■ What this task involves: Repeat the listing exactly. Pictures stay out of your copy.

■ Recorded data:
=-=-=
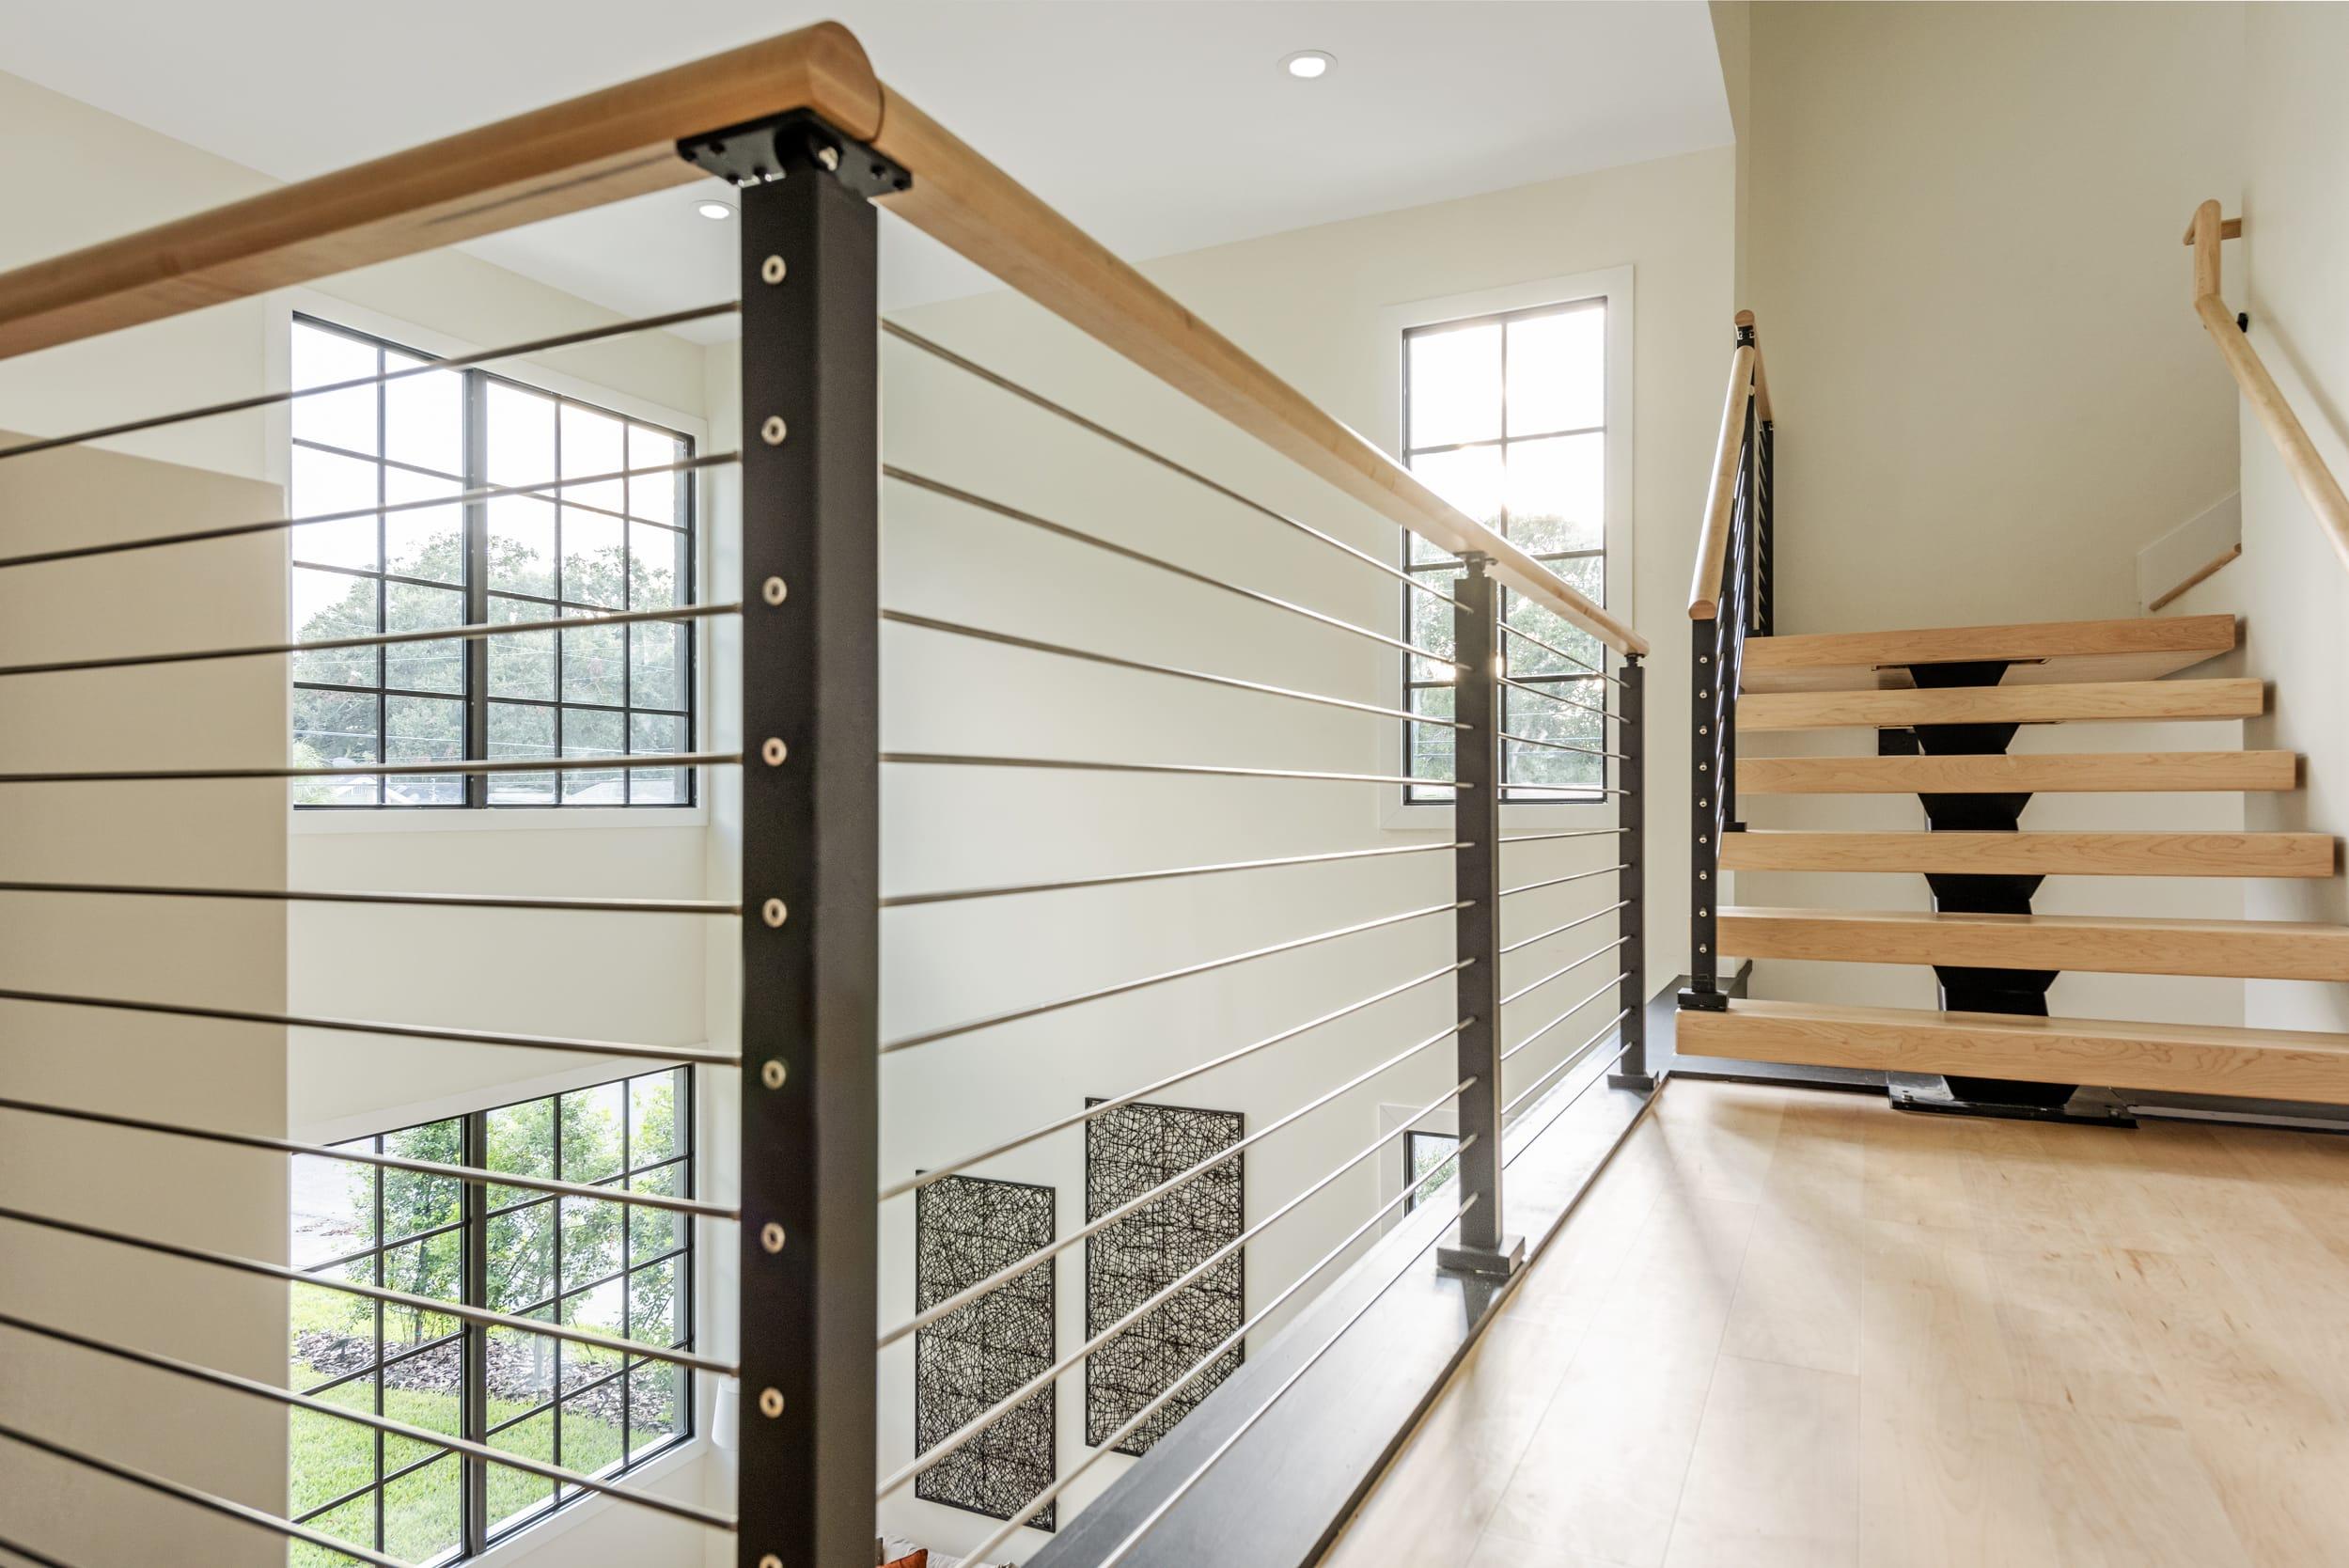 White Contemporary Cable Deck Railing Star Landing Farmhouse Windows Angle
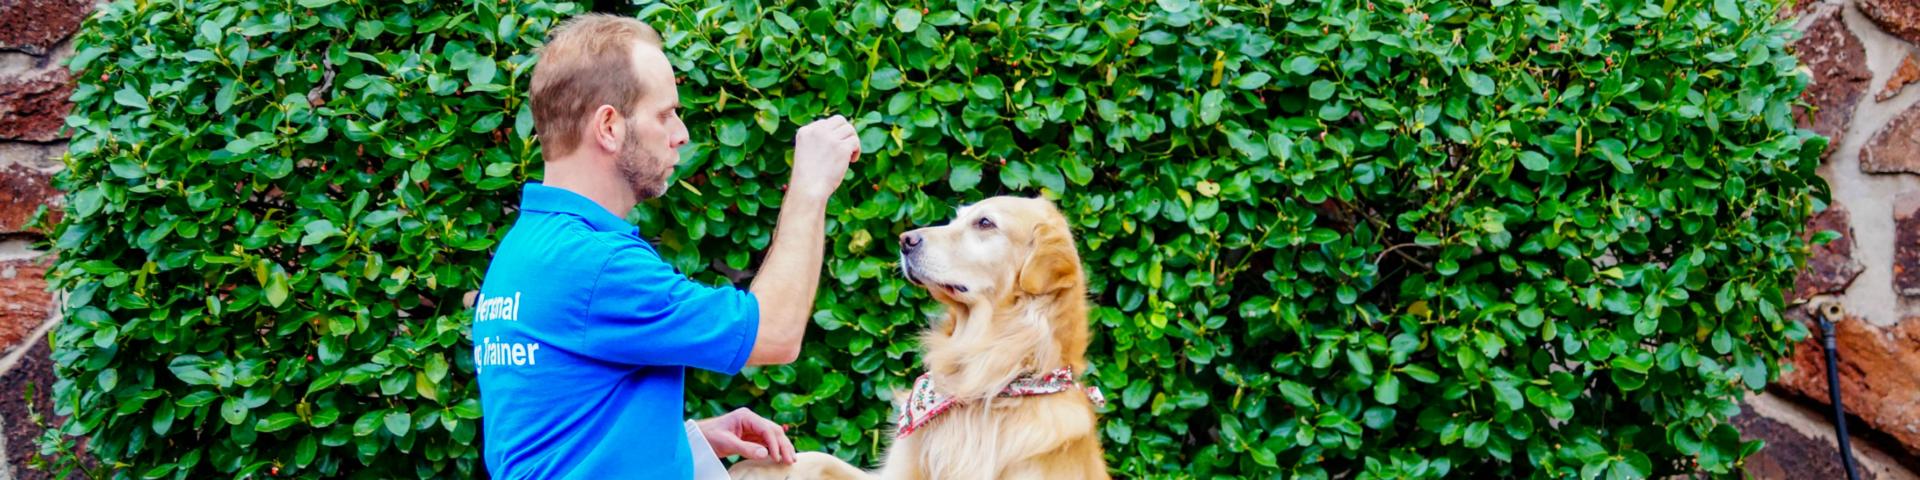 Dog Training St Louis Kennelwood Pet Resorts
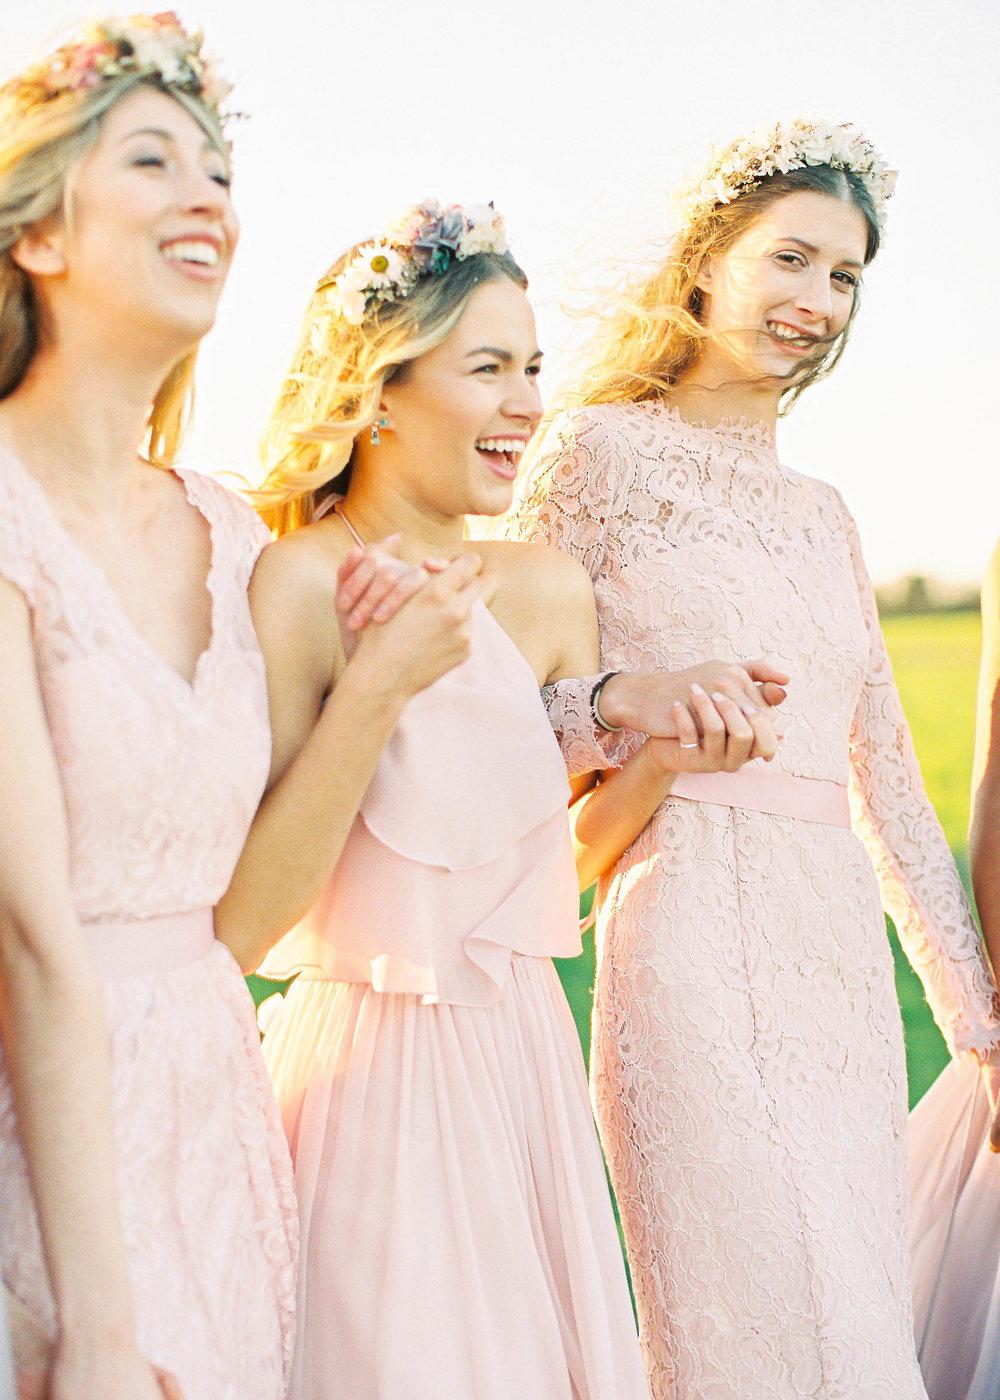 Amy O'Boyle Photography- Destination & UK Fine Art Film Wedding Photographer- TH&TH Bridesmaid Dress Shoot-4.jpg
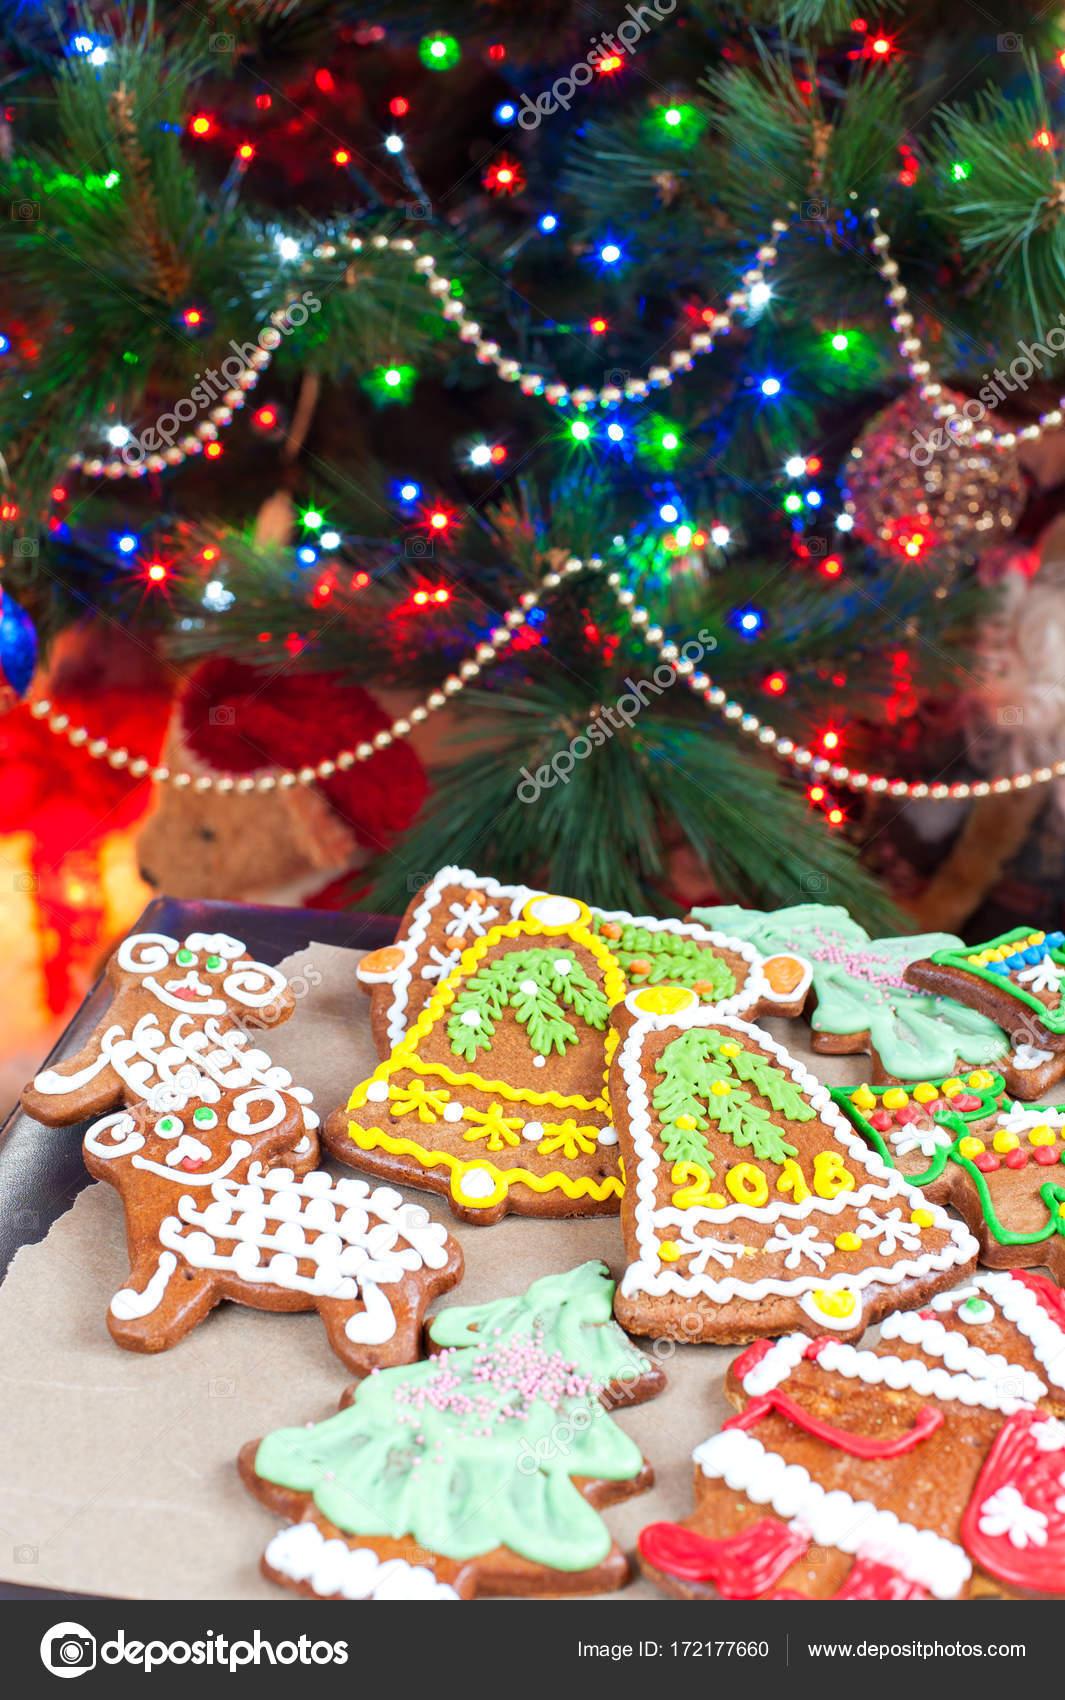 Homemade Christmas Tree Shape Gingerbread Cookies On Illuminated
=-=-=
■ Answer to this task:
 White Contemporary Cable Deck Railing Star Landing Farmhouse Windows Angle
 Dog Training St Louis Kennelwood Pet Resorts
 Amy O'Boyle Photography- Destination & UK Fine Art Film Wedding Photographer- TH&TH Bridesmaid Dress Shoot-4.jpg
 Homemade Christmas Tree Shape Gingerbread Cookies On Illuminated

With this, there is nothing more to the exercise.